I haven't had time to disarm this function and analyze the stop condition, but it seems that a simple and sufficient workaround is to add an additional guard in the form:
if($level>100000) return "";
This will interrupt further nesting if it goes too far :)
So, all the correct function code will therefore look as follows:
private function calc($expr, $level = 0)
{
if($level>100000) return "";
if (is_array($expr)) {
$expr = $expr[0];
}
preg_match('~(min|max)?\(([^\)]+)\)~mi', $expr, $exprArr);
if (!empty($exprArr[1]) && ($exprArr[1] === 'min' || $exprArr[1] === 'max')) {
return $exprArr[1](explode(',', $exprArr[2]));
}
preg_match_all('~([\d\.]+)([\*\/\-\+])?~', $expr, $exprArr);
if (!empty($exprArr[1]) && !empty($exprArr[2])) {
if (in_array('*', $exprArr[2], true)) {
$pos = array_search('*', $exprArr[2], true);
$res = @$exprArr[1][$pos] * @$exprArr[1][$pos + 1];
$expr = str_replace(@$exprArr[1][$pos] . '*' . @$exprArr[1][$pos + 1], $res, $expr);
$expr = $this->calc($expr, $level+1);
} elseif (in_array('/', $exprArr[2], true)) {
$pos = array_search('/', $exprArr[2], true);
$res = $exprArr[1][$pos] / $exprArr[1][$pos + 1];
$expr = str_replace($exprArr[1][$pos] . '/' . $exprArr[1][$pos + 1], $res, $expr);
$expr = $this->calc($expr, $level+1);
} elseif (in_array('-', $exprArr[2], true)) {
$pos = array_search('-', $exprArr[2], true);
$res = $exprArr[1][$pos] - $exprArr[1][$pos + 1];
$expr = str_replace($exprArr[1][$pos] . '-' . $exprArr[1][$pos + 1], $res, $expr);
$expr = $this->calc($expr,$level+1);
} elseif (in_array('+', $exprArr[2], true)) {
$pos = array_search('+', $exprArr[2], true);
$res = $exprArr[1][$pos] + $exprArr[1][$pos + 1];
$expr = str_replace($exprArr[1][$pos] . '+' . $exprArr[1][$pos + 1], $res, $expr);
$expr = $this->calc($expr,$level+1);
} else {
return $expr;
}
}
return $expr;
}
This is completely sufficient (at least for my needs).

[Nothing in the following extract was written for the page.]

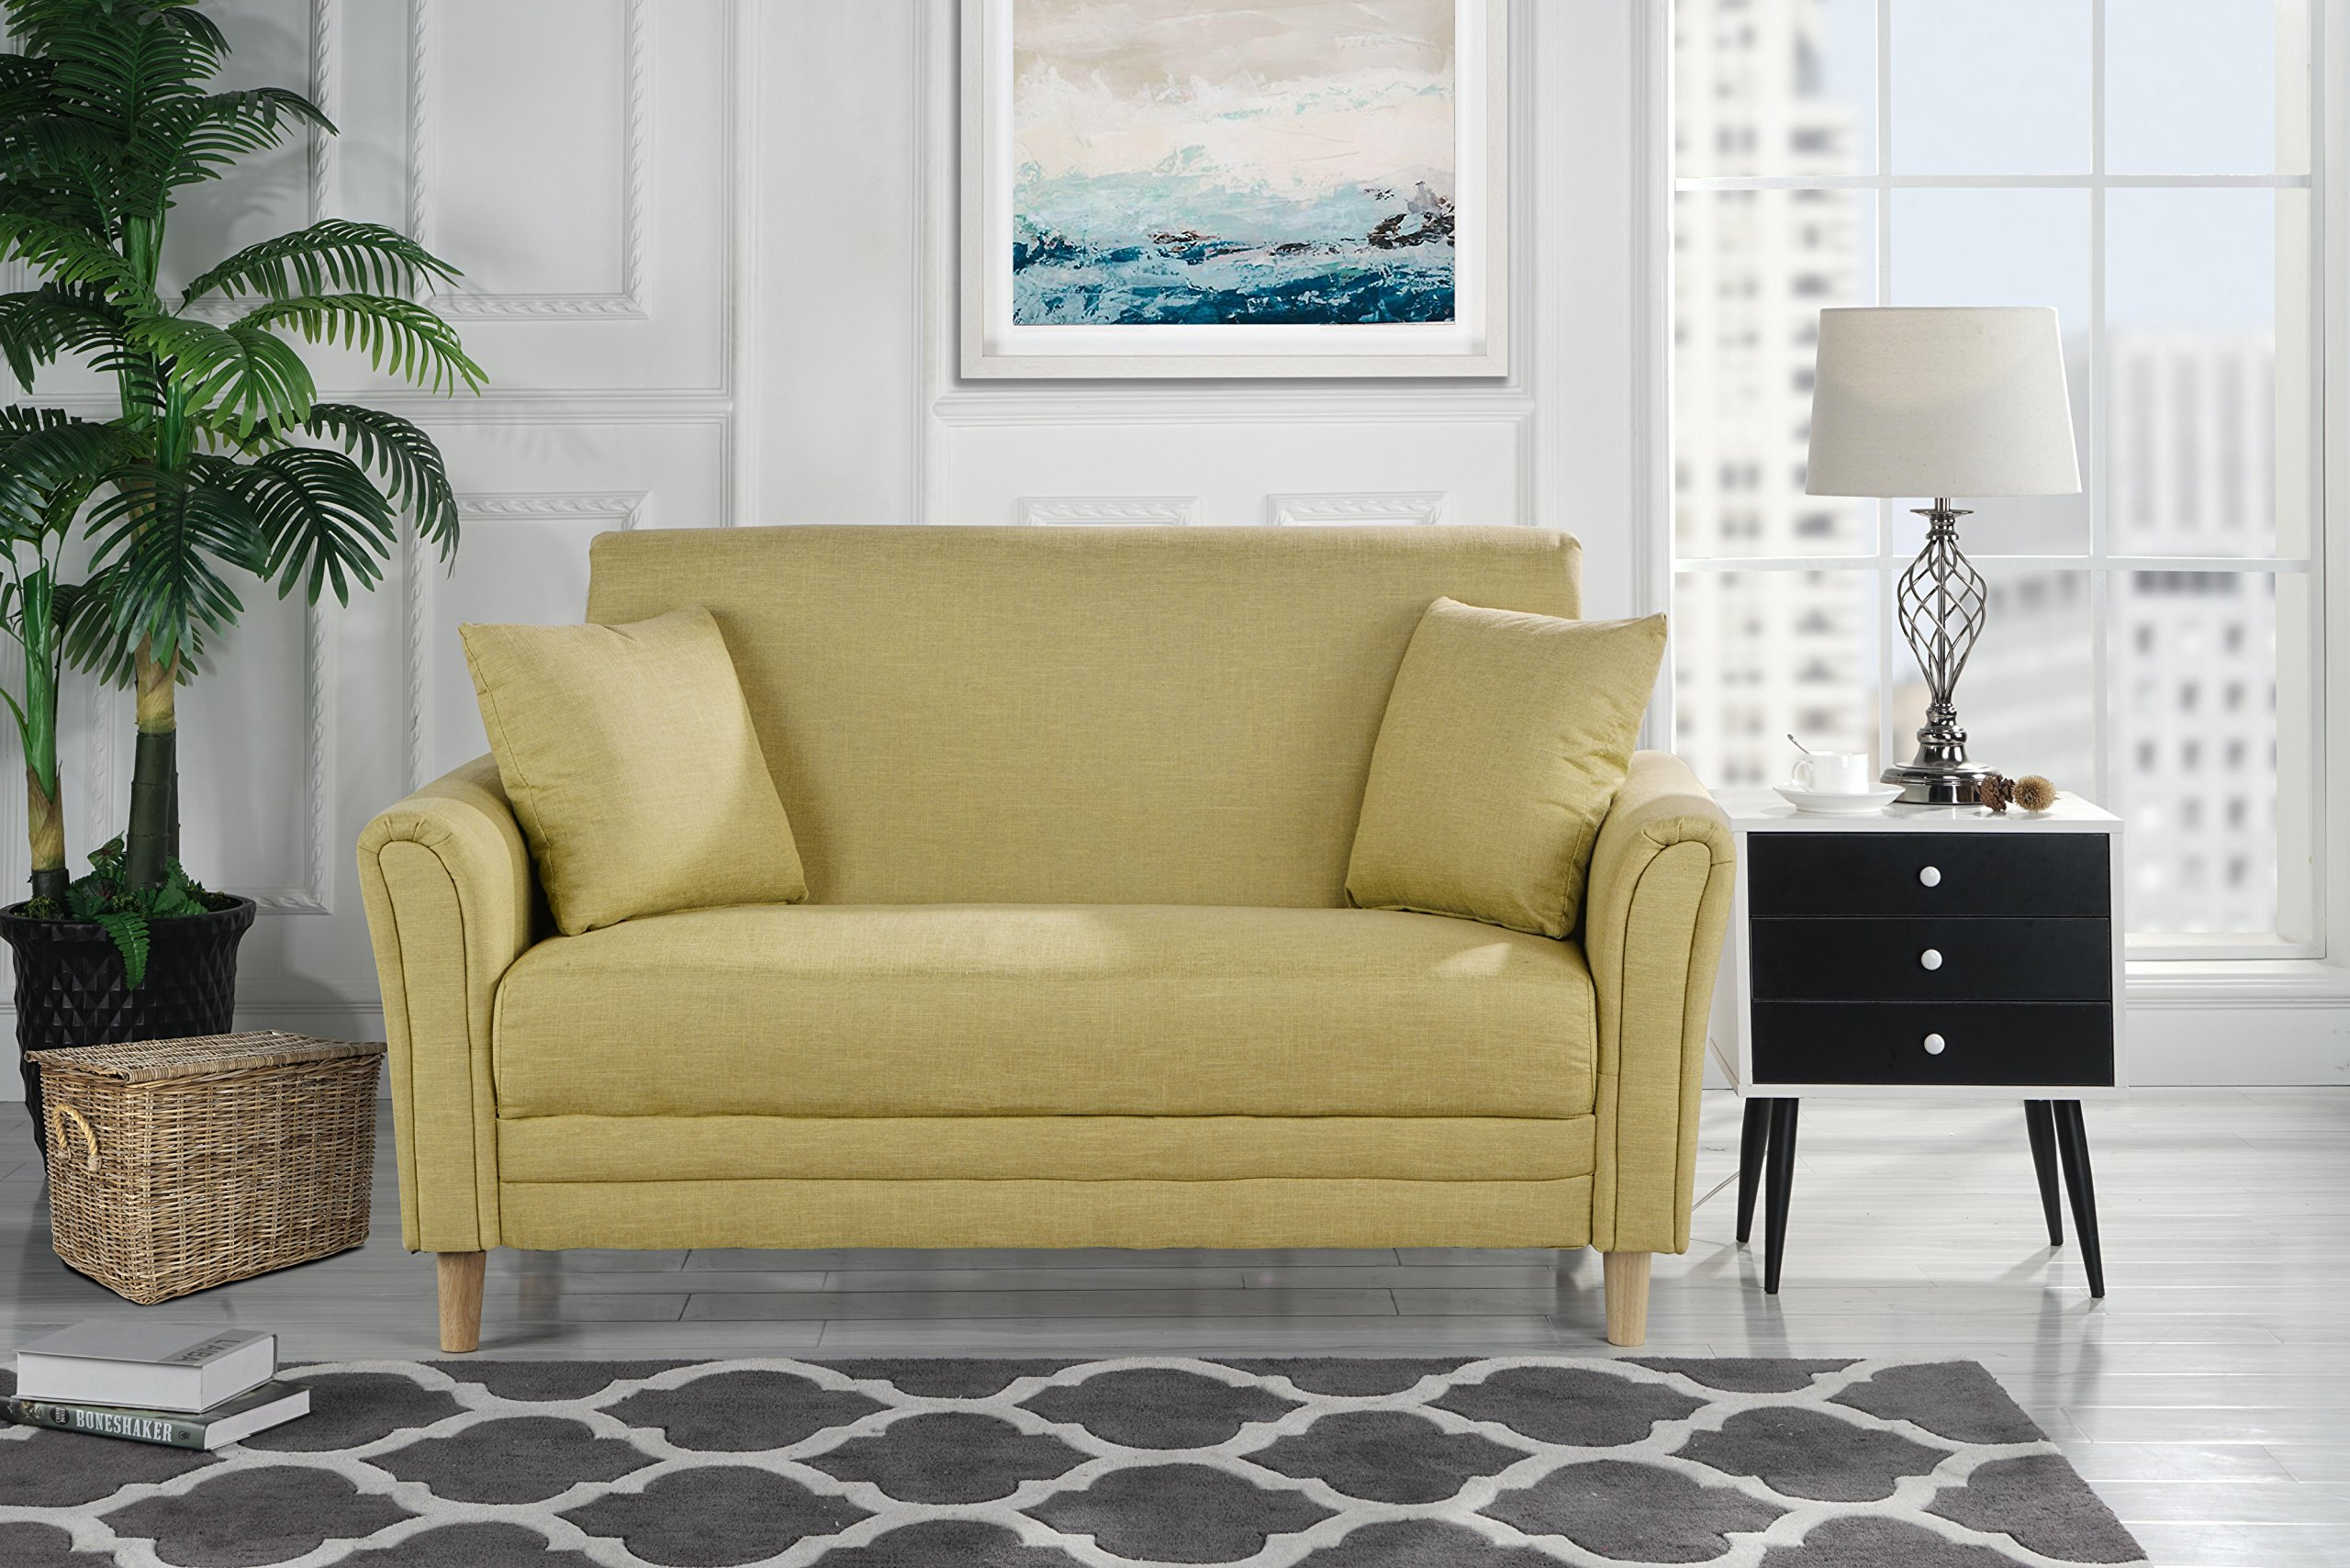 AODAILIHB Modern Soft Cloth Tufted Cushion Loveseat Sofa ...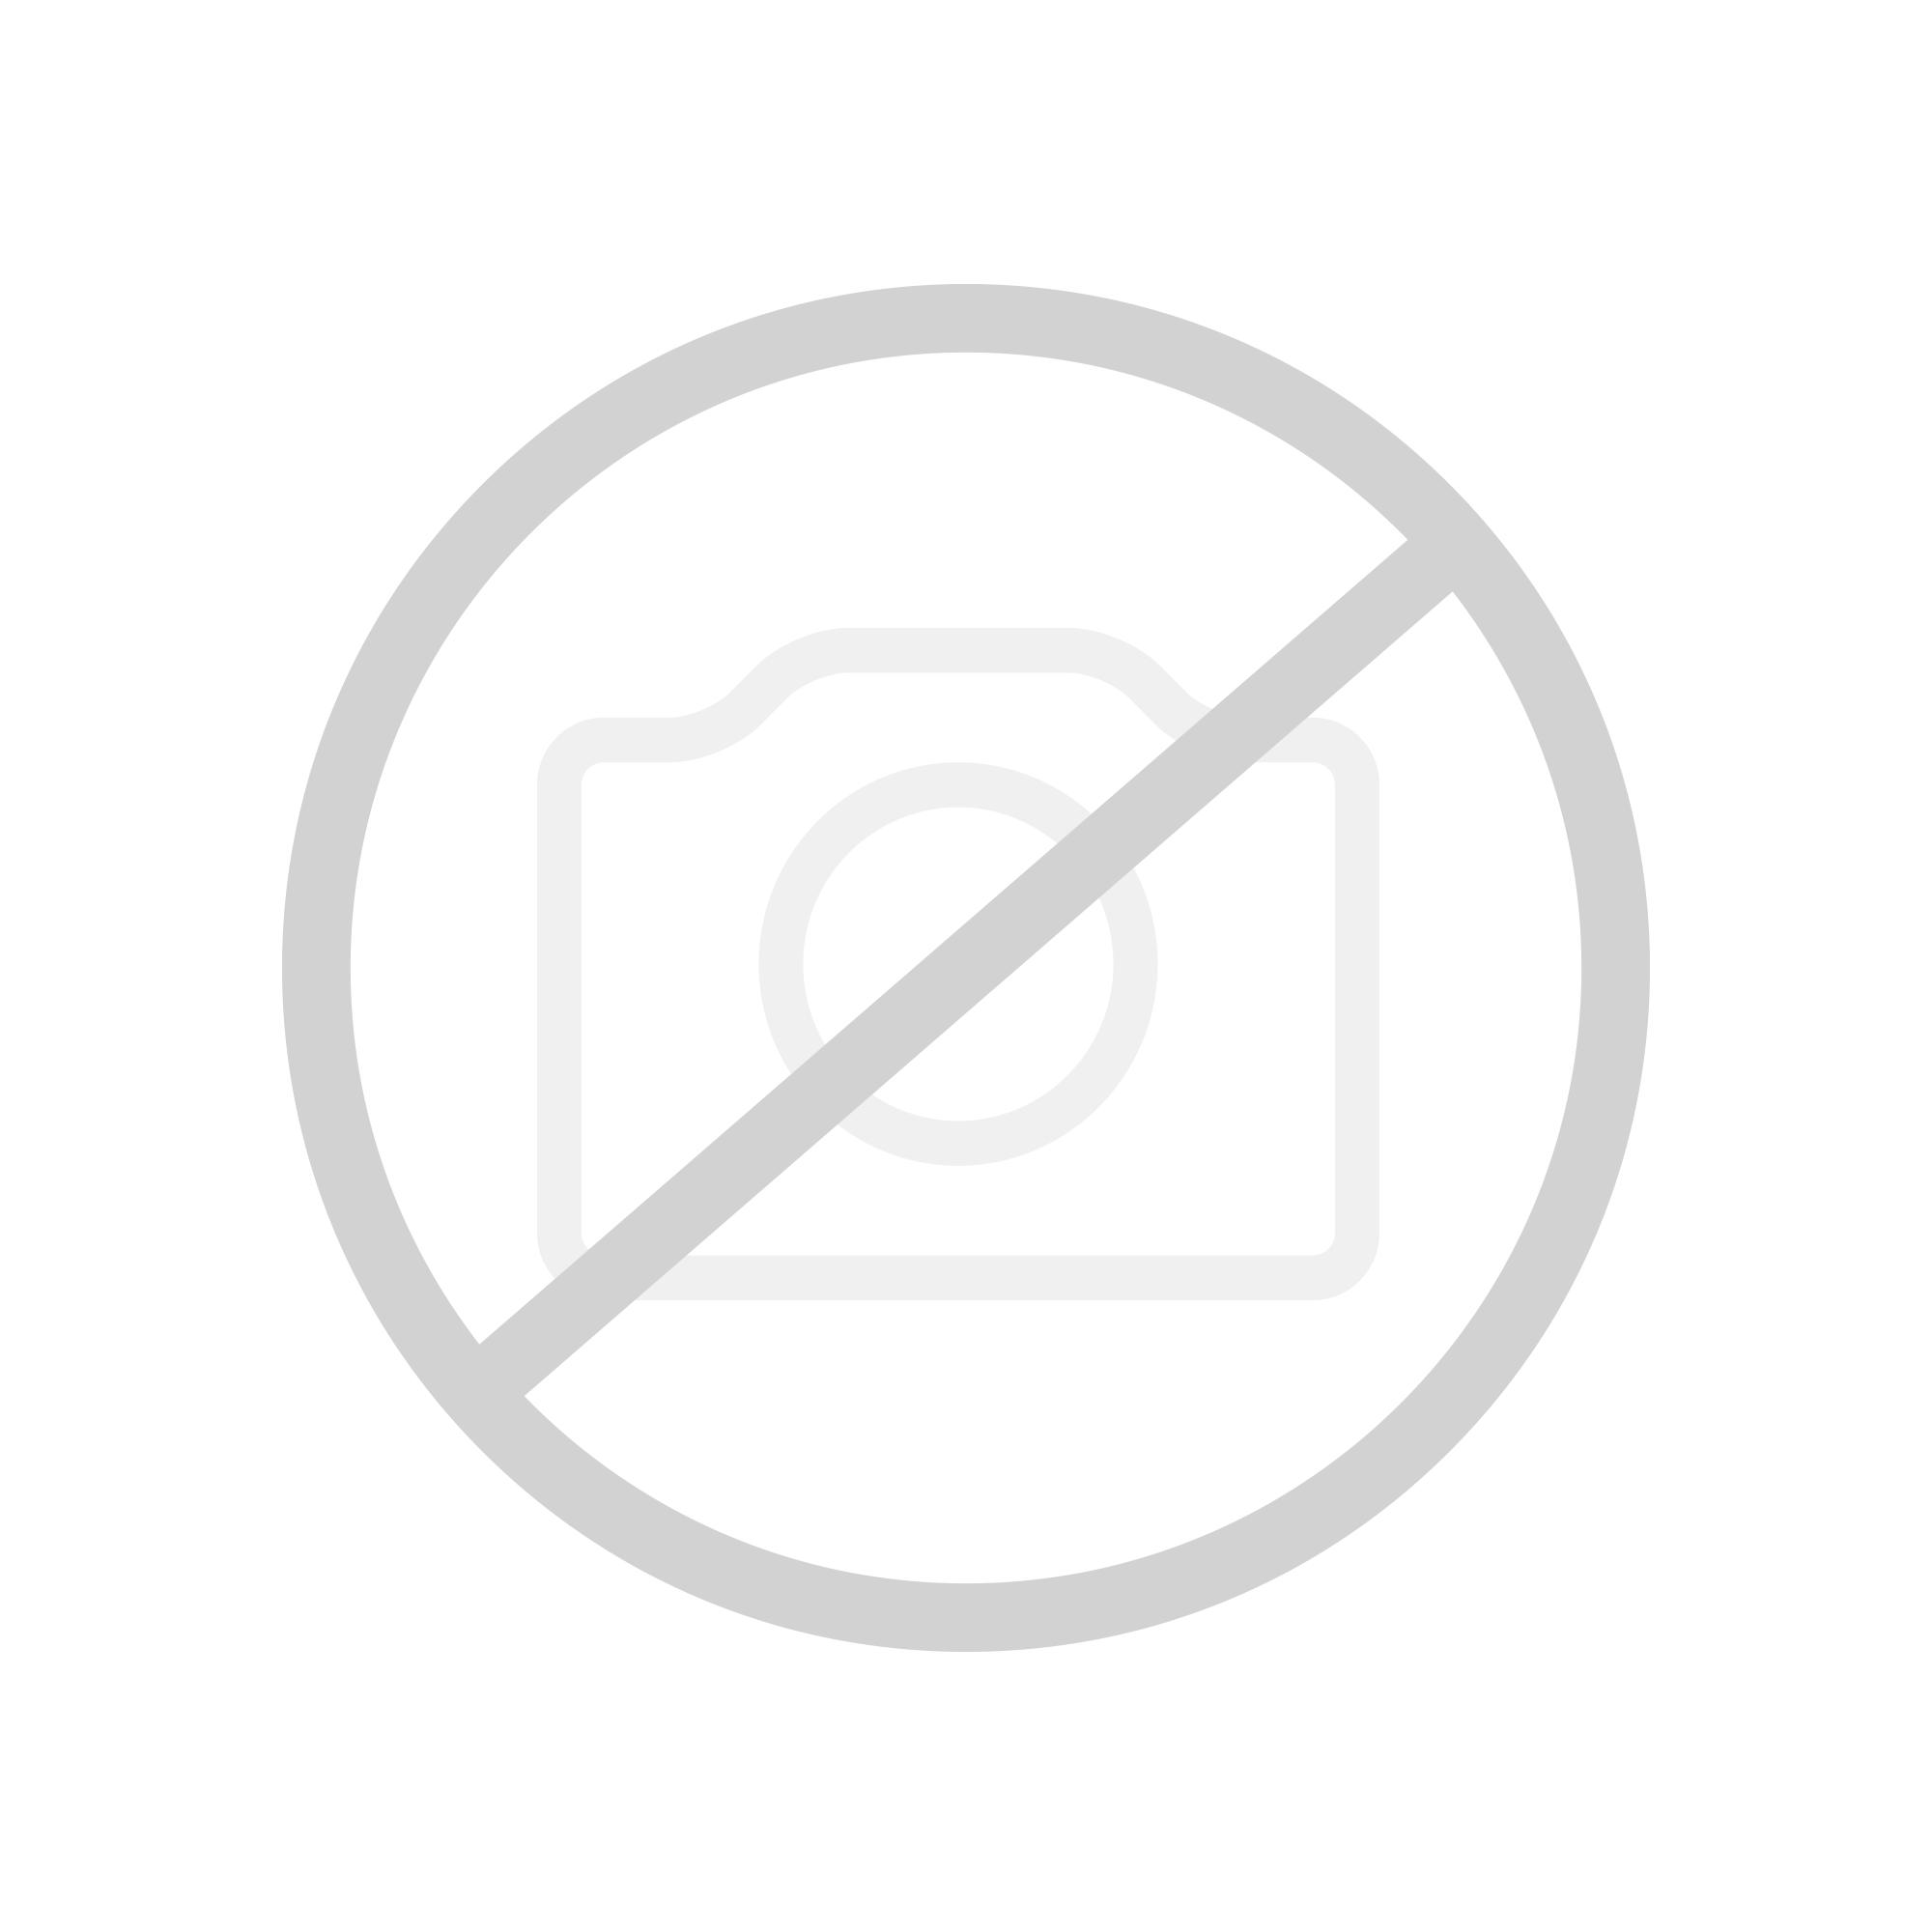 grohe armaturen online bestellen im reuter shop. Black Bedroom Furniture Sets. Home Design Ideas

I sincerely greet you and warm hugs for the file that helped me to solve this problem,
~WB
from php-antimalware-scanner.
@killmasta93 thank you for your report! could you please provide more details? does it crash due to the max memory limit?
from php-antimalware-scanner.
hi @esurov thanks for the reply, nope i just run it but after a while it crashes when you say memory limit do you mean of the VM?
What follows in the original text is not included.